I used to do that every August before kids. It's a lot harder than it sounds. Only 33 miles a day. That's not all that much. BUT ... it's every day. Miss a day because it rains --- now you need a 66 mile day to make it up. 

I'm going to be happy to get another 1000 before the year ends. Seagull century next weekend will help. It'll be my 25-th time in a row.


----------



## TDFbound (Jul 11, 2017)

4000 miles, congrats! You're almost twice as deep into it as I am this year.


----------



## pmf (Feb 23, 2004)

Mcfarton said:


> You both have me beat. I am at 2870 for the year. I also live in the dc area, and it has been a great year. I think that I am doing pretty good on the mileage as I have a toddler and an infant. Many of my miles come from the Burley trailer.
> 
> Sent from my SM-G920P using Tapatalk


I think a mile pulling a Burley with a kid in it equals at least 2, maybe 3 miles without. I bought a double wide one when my kids were little and used it exactly once. It felt like pulling a lead parachute. The kids didn't like it much either. After that fateful trip, it spent two years in my tool shed. I put it up for sale on Craigs List and sold it the next day. Funny, I always pictured myself pulling one of these things when I had kids. Luckily, there's a huge after market for those things.


----------



## JSR (Feb 27, 2006)

I hit 5,000 on Saturday. My shoulder is hurting from patting myself on the back. Plus I'm kind of burned out...


----------



## Oxtox (Aug 16, 2006)

pmf said:


> It's a lot harder than it sounds. Only 33 miles a day. That's not all that much. BUT ... it's every day. Miss a day because it rains --- now you need a 66 mile day to make it up.


yep...doesn't give you many opportunities for days off...either due to bad weather, being tired, or other commitments...

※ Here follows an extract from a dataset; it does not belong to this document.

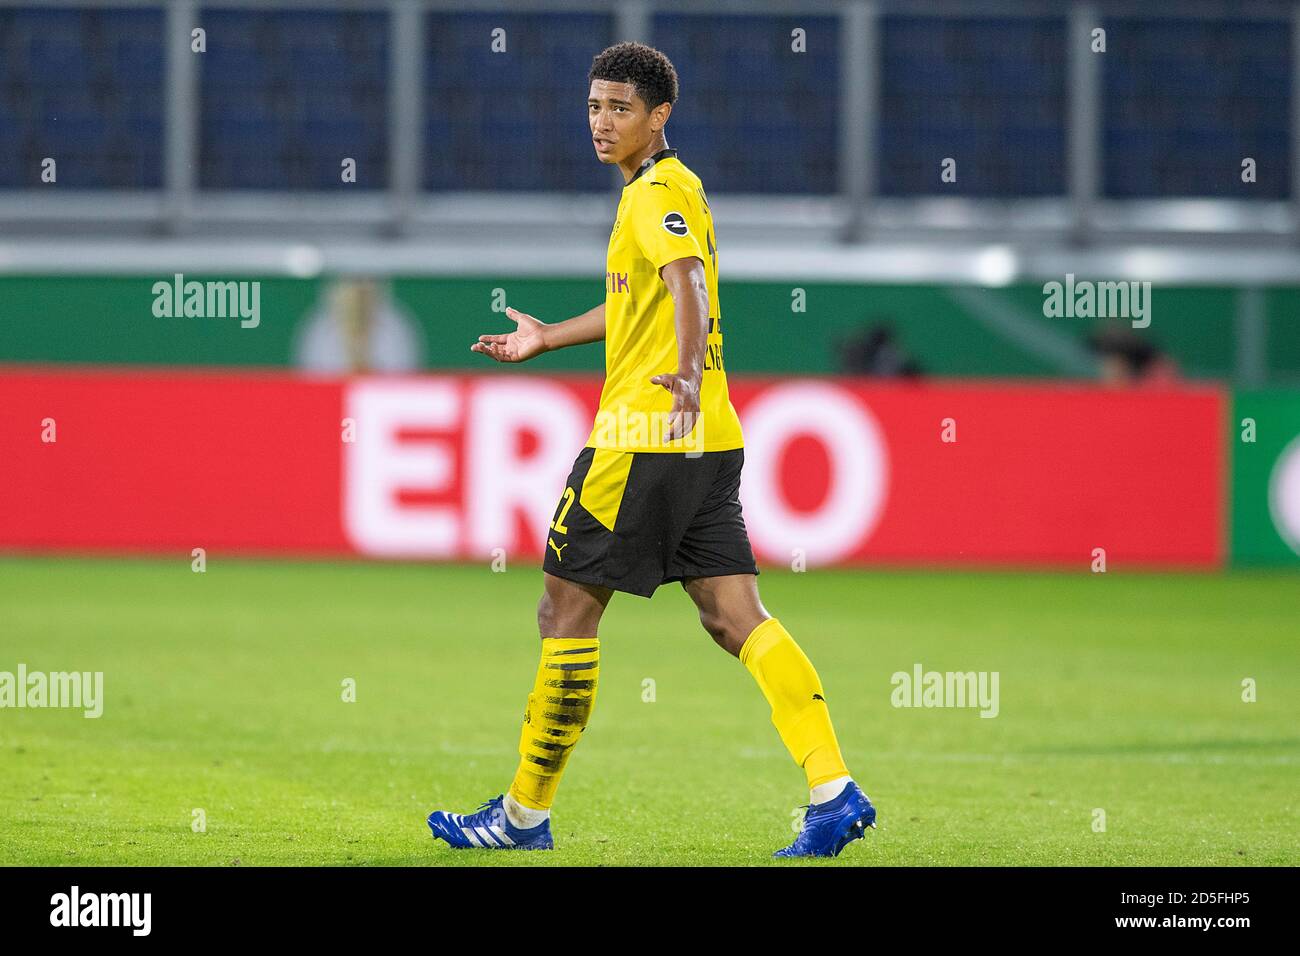 Jude BELLINGHAM (DO), whole figure, looks perplexed with outstretched arms; gesture, gesture; Soccer DFB Pokal 1st round, MSV Duisburg (DU) - Borussia Dortmund (DO) 0: 5, on September 14, 2020 in Duisburg/Germany. | usage worldwide Stock Photo
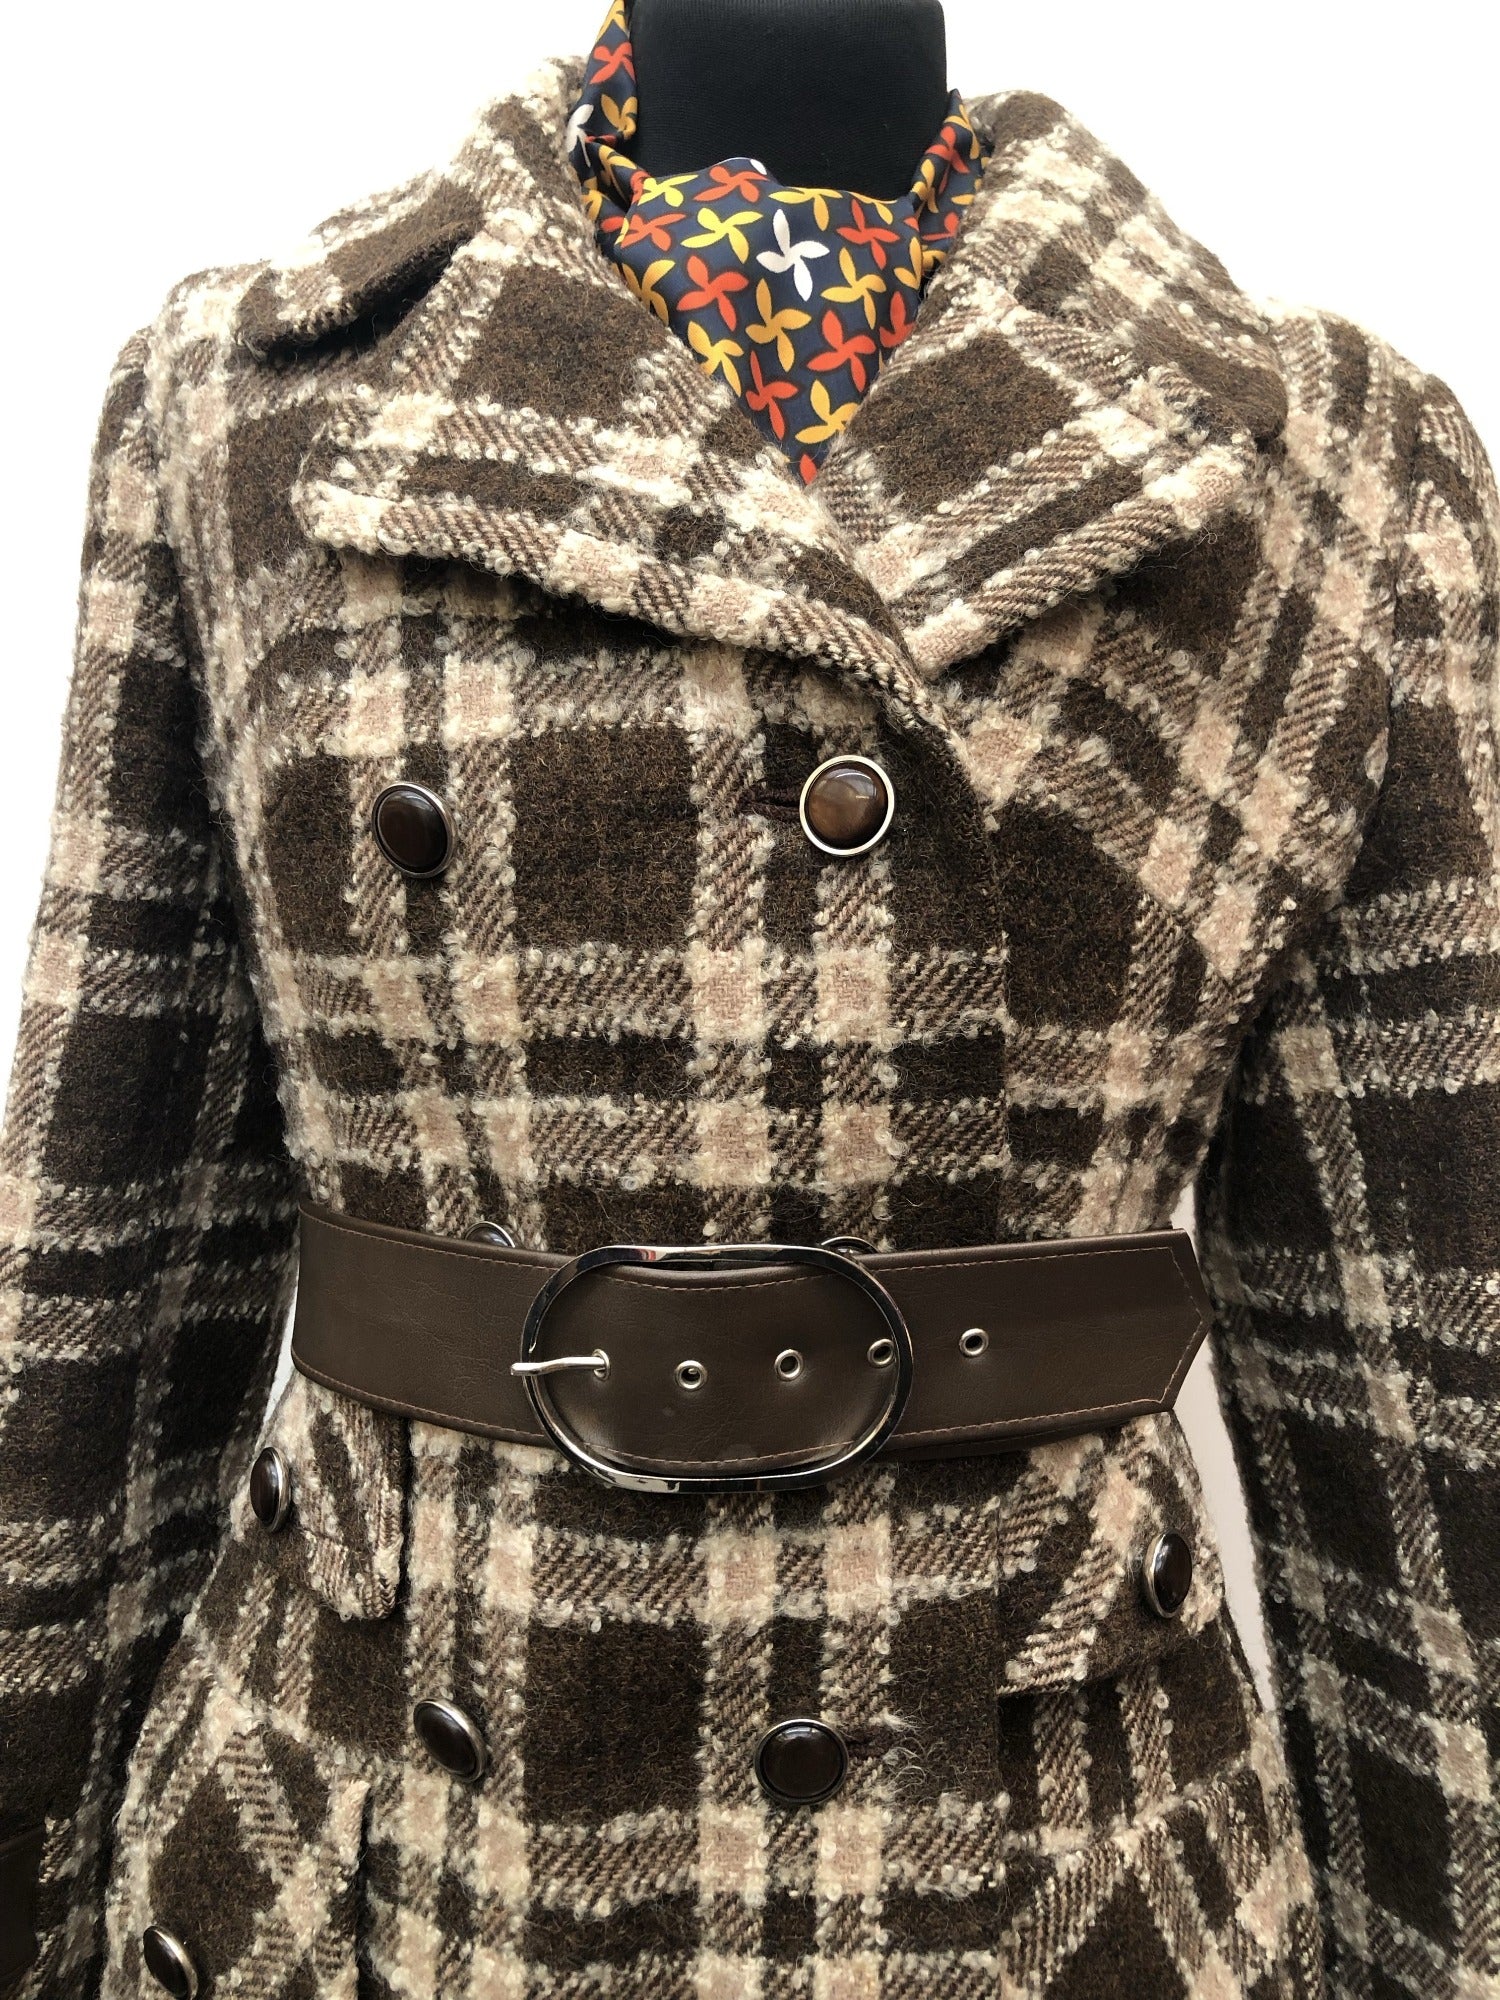 womens  waist belt  vintage  Flagship Model  fitted waist  double breasted  decorative pockets  checked  check coat  brown  Belted waist  70s  1970s  10

came close the previous month at 945 miles, but managed to do it in Sept...don't think Oct will be a 'kilo-month'...


----------



## RB Rob (Jan 13, 2012)

Congrats! 2,770 miles as of today, goal is 4,000 for the year which will be tough to hit at this point. I will see how close I can get. :mad2:


----------



## n2deep (Mar 23, 2014)

WOW,,, CONGRATS!!!!!!!! That's a great achievement.. I'll be lucky to get over 2500 this year,, work sucks!!!


----------



## pmf (Feb 23, 2004)

My wife just hit 4000 today ... or she will today on the way home.


----------



## mtrac (Sep 23, 2013)

Hit 4000 today. A marching band waiting for me would have been nice.

I'm going to shoot for 5000 next year.


----------



## pmf (Feb 23, 2004)

Got to 5000 today provided I make it home tonight. 

I remember about 15 years ago I had this friend who had taken up road riding a few years earlier and was fanatical about it. He called me on December 30-th and asked if I wanted to do a century with him the next day so he could get 10,000 miles in for the year. I said sure. I don't think it ever broke 30 degrees that day, but we did it. I went home that night and sat in the bath tub for an hour. That's the coldest century I've ever done, or will do. And you don't need fancy equipment (although its nice) to ride a lot. The $800 Ksyrium wheels on my bike costed more than his entire bike from Performance.


----------



## Oxtox (Aug 16, 2006)

now that I have unlimited time to ride, I thought it would be fun to set a 10K mile goal for the year. 

going to get close, but doubt I'll log 1200 miles in Dec.


----------



## pmf (Feb 23, 2004)

90% of my riding is commuting. My wife and I both work and the kids play sports -- which means riding on the weekends is pretty much out. Before I had kids, I'd try to do at least 200 miles a week -- half of that on the weekends. I commuted less then than I do now


----------



## Neolithic (Mar 24, 2015)

First off, congratulations all! Any miles are *always* better than no miles.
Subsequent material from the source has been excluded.